Whilst he spends plenty of time on puncturing the core myths of Afrikanerdom (and exposes the newness of at least some glorious African tribal "traditions"), this really seems to be a book addressed at British (or English-speaking South African) readers brought up on the idea that it was benign, if somewhat paternalistic, British imperial supervision that protected the black population from the evil Afrikaners until "we" were so ungratefully chucked out. In reality, of course, British imperial policy was all about keeping the voters in the British Isles happy, which, then as now, meant spending as little as possible, protecting trade, and keeping British casualties low. Embarrassing headlines about "natives" being maltreated could be awkward, but they were rarely the top priority.
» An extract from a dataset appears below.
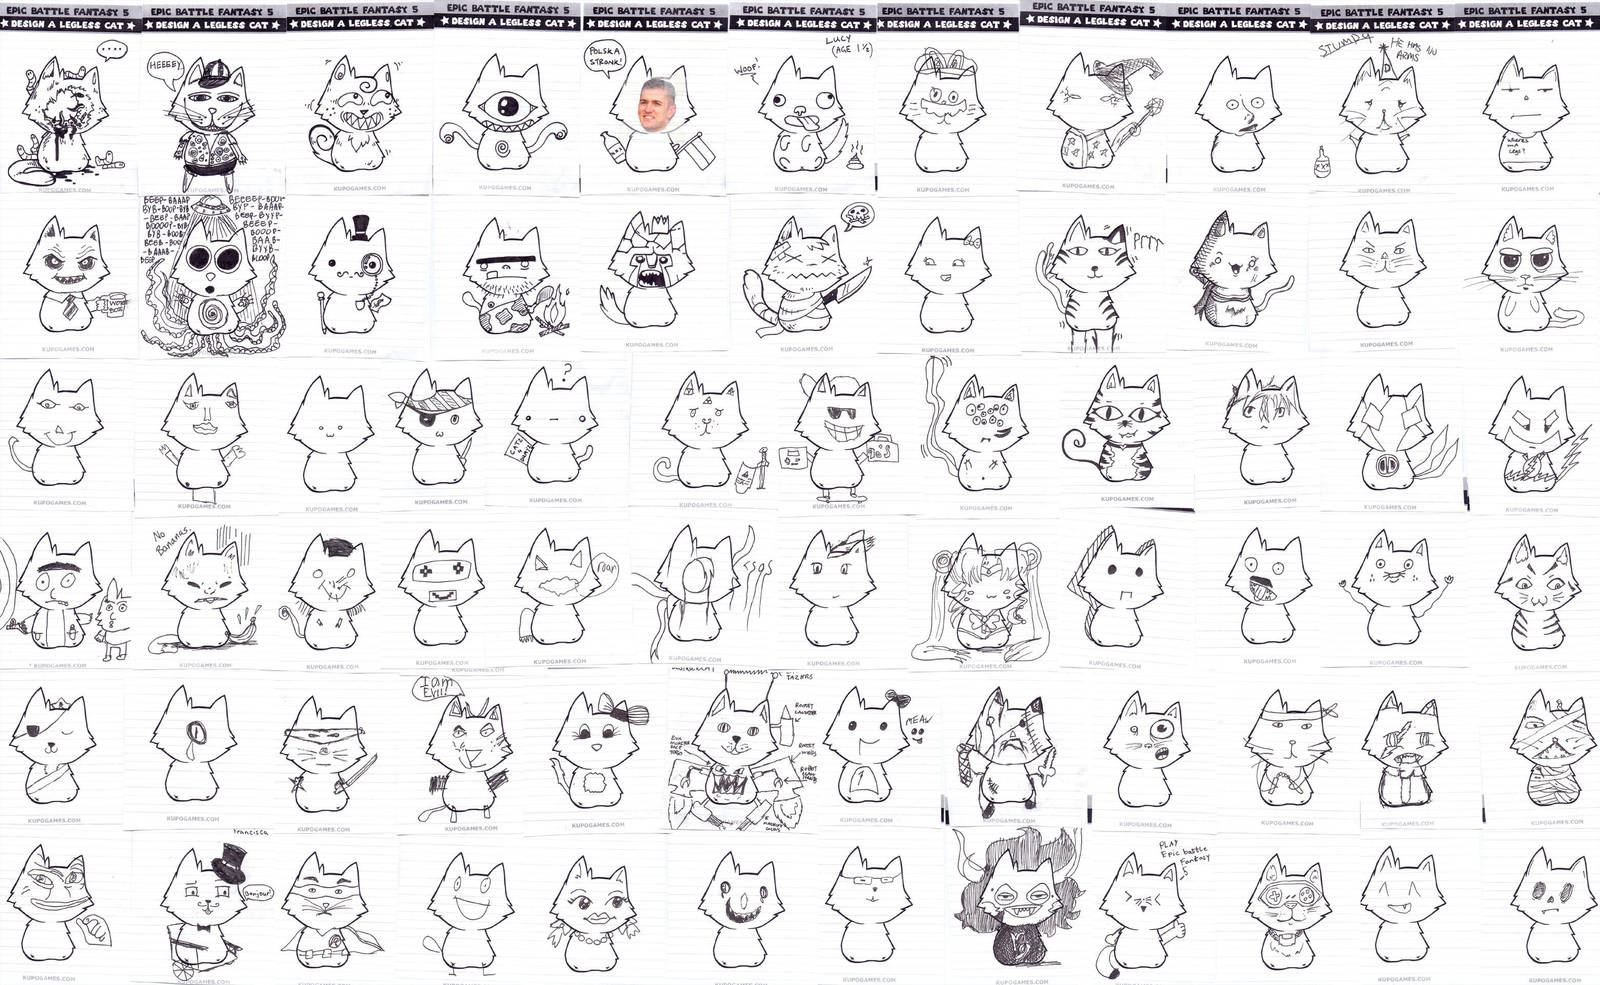 No-Legged Cats by KupoGames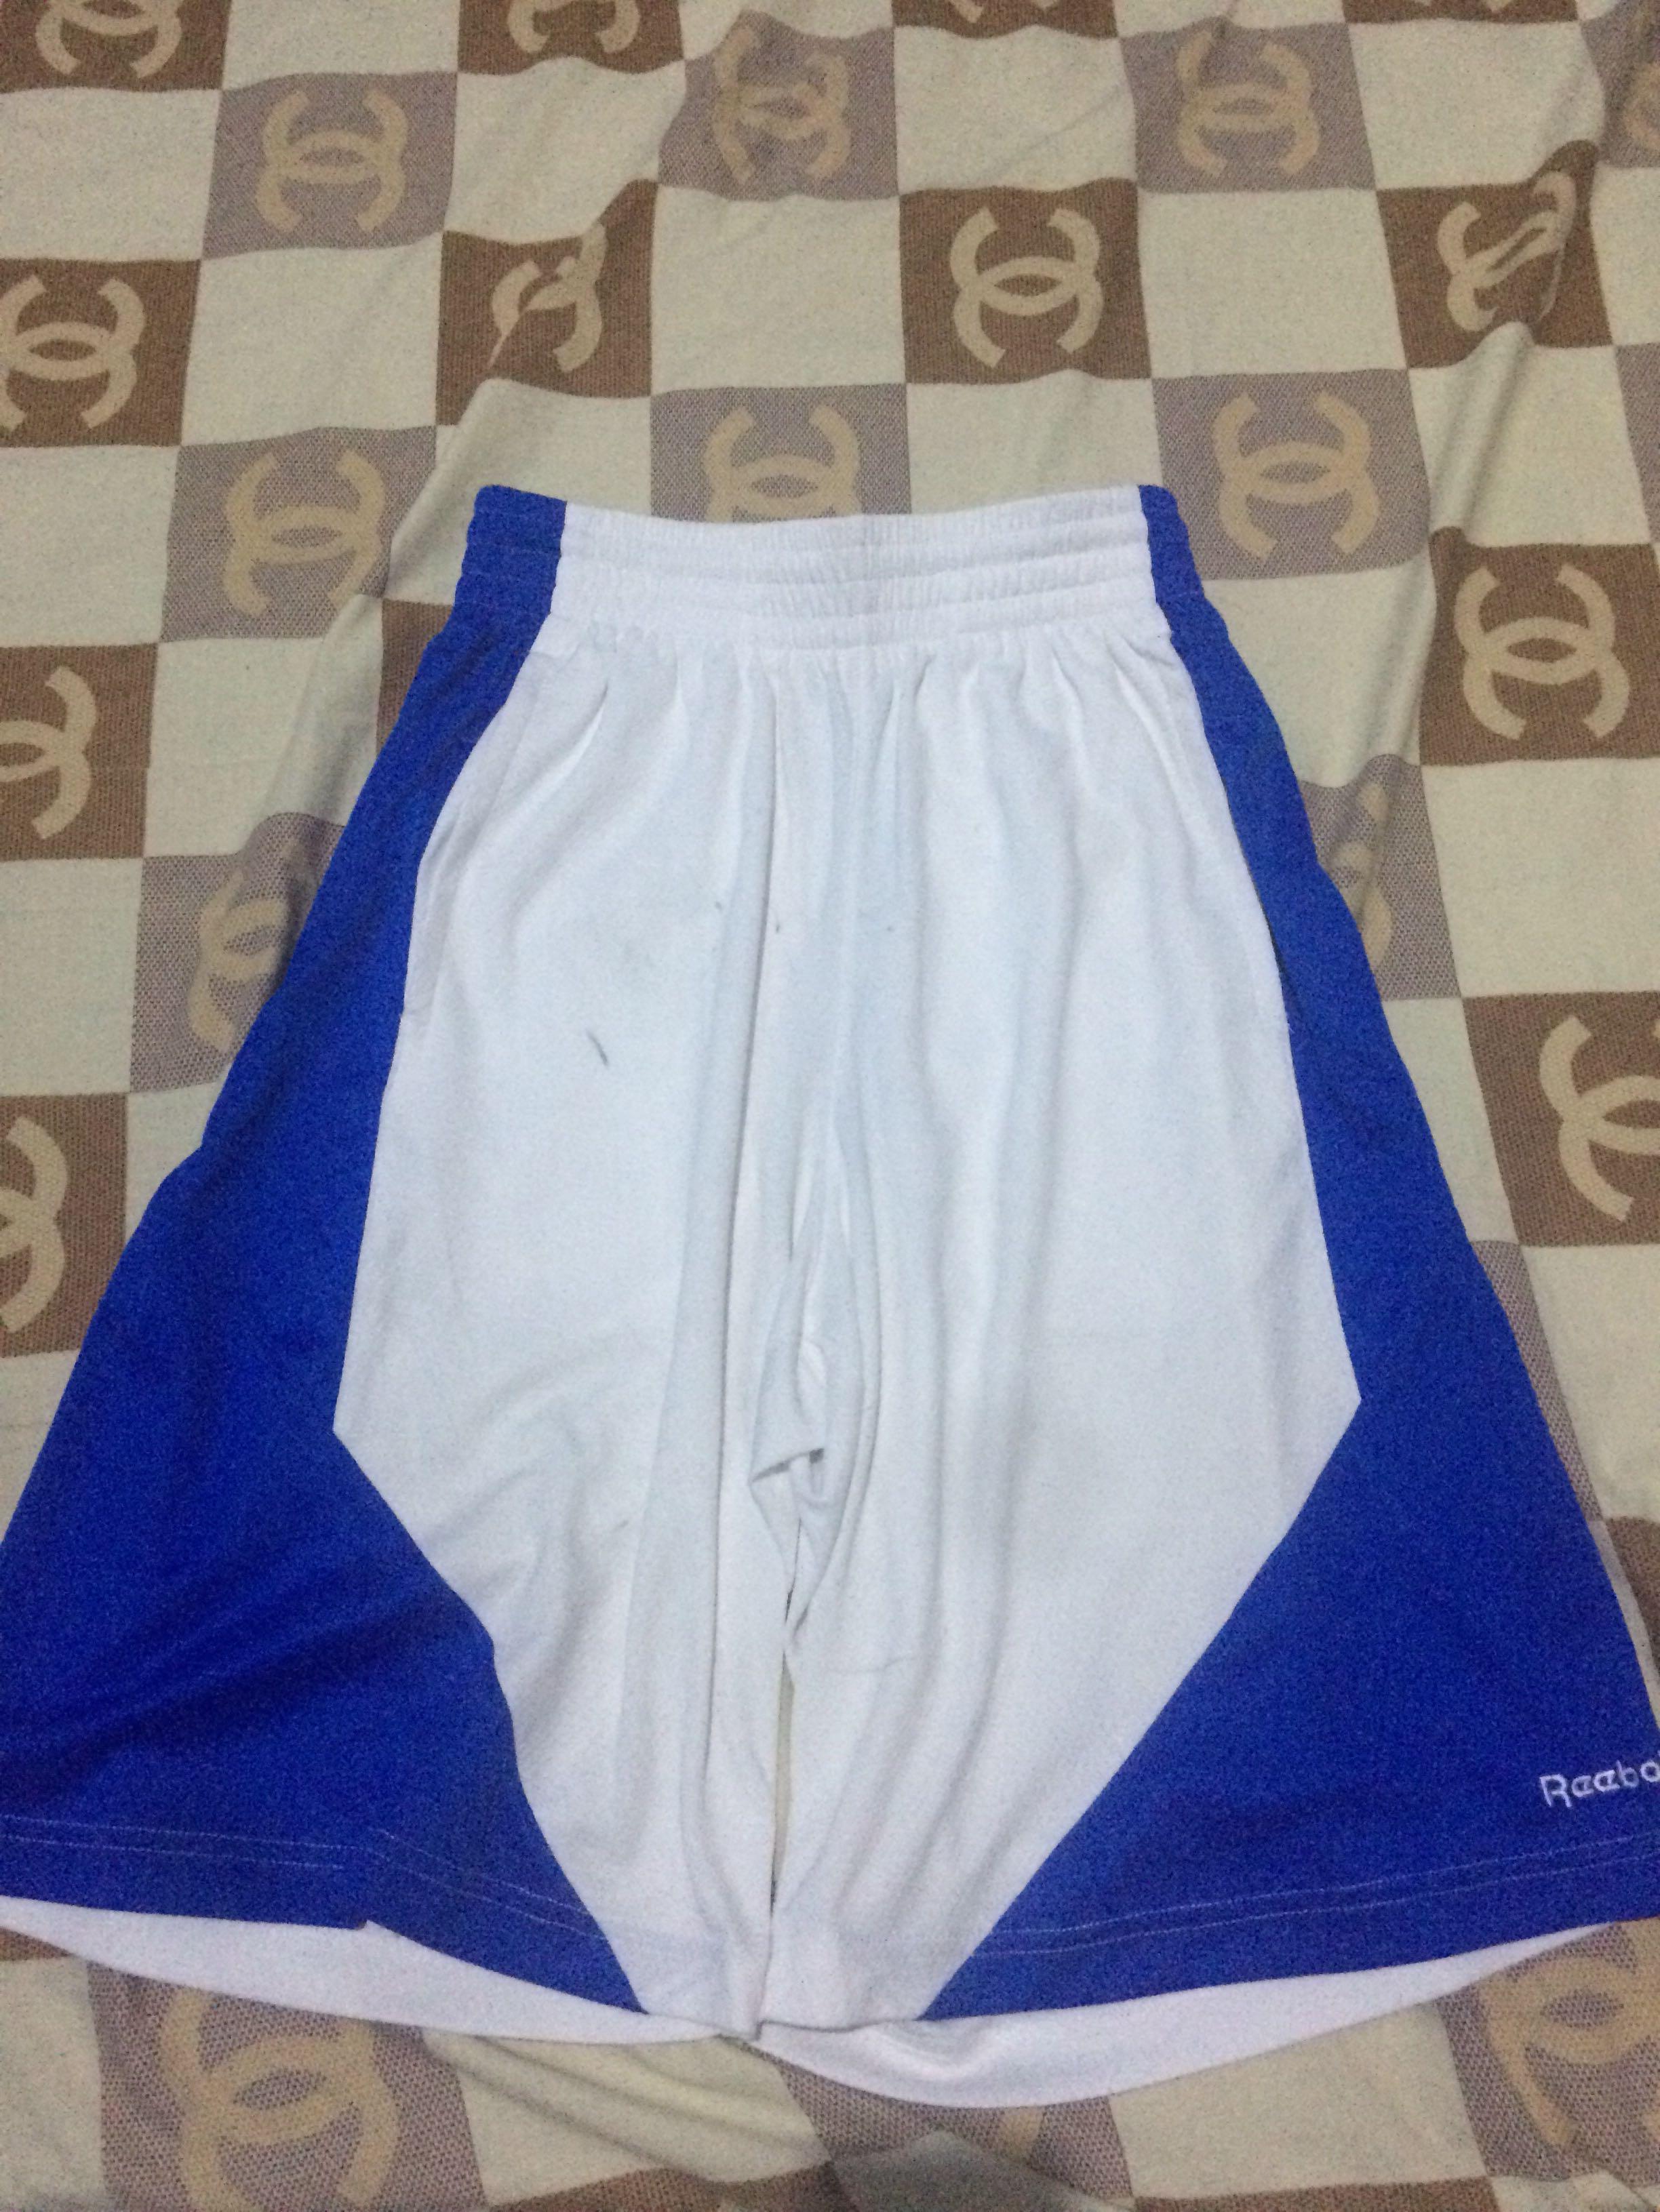 Celana Basket Reebok White Blue

The office of Colonial Secretary was not a popular one (Joseph Chamberlain seems to have been the only minister who ever volunteered for it), it had a high turnover rate, and was rarely given to anyone disqualified by practical knowledge of the world south of the English Channel. Something I hadn't appreciated was that there was always a strong rivalry between the Colonial Office and the separate India Office — to the extent that the India Secretary sometimes intervened to complain about the mistreatment of Indians in Natal, for example.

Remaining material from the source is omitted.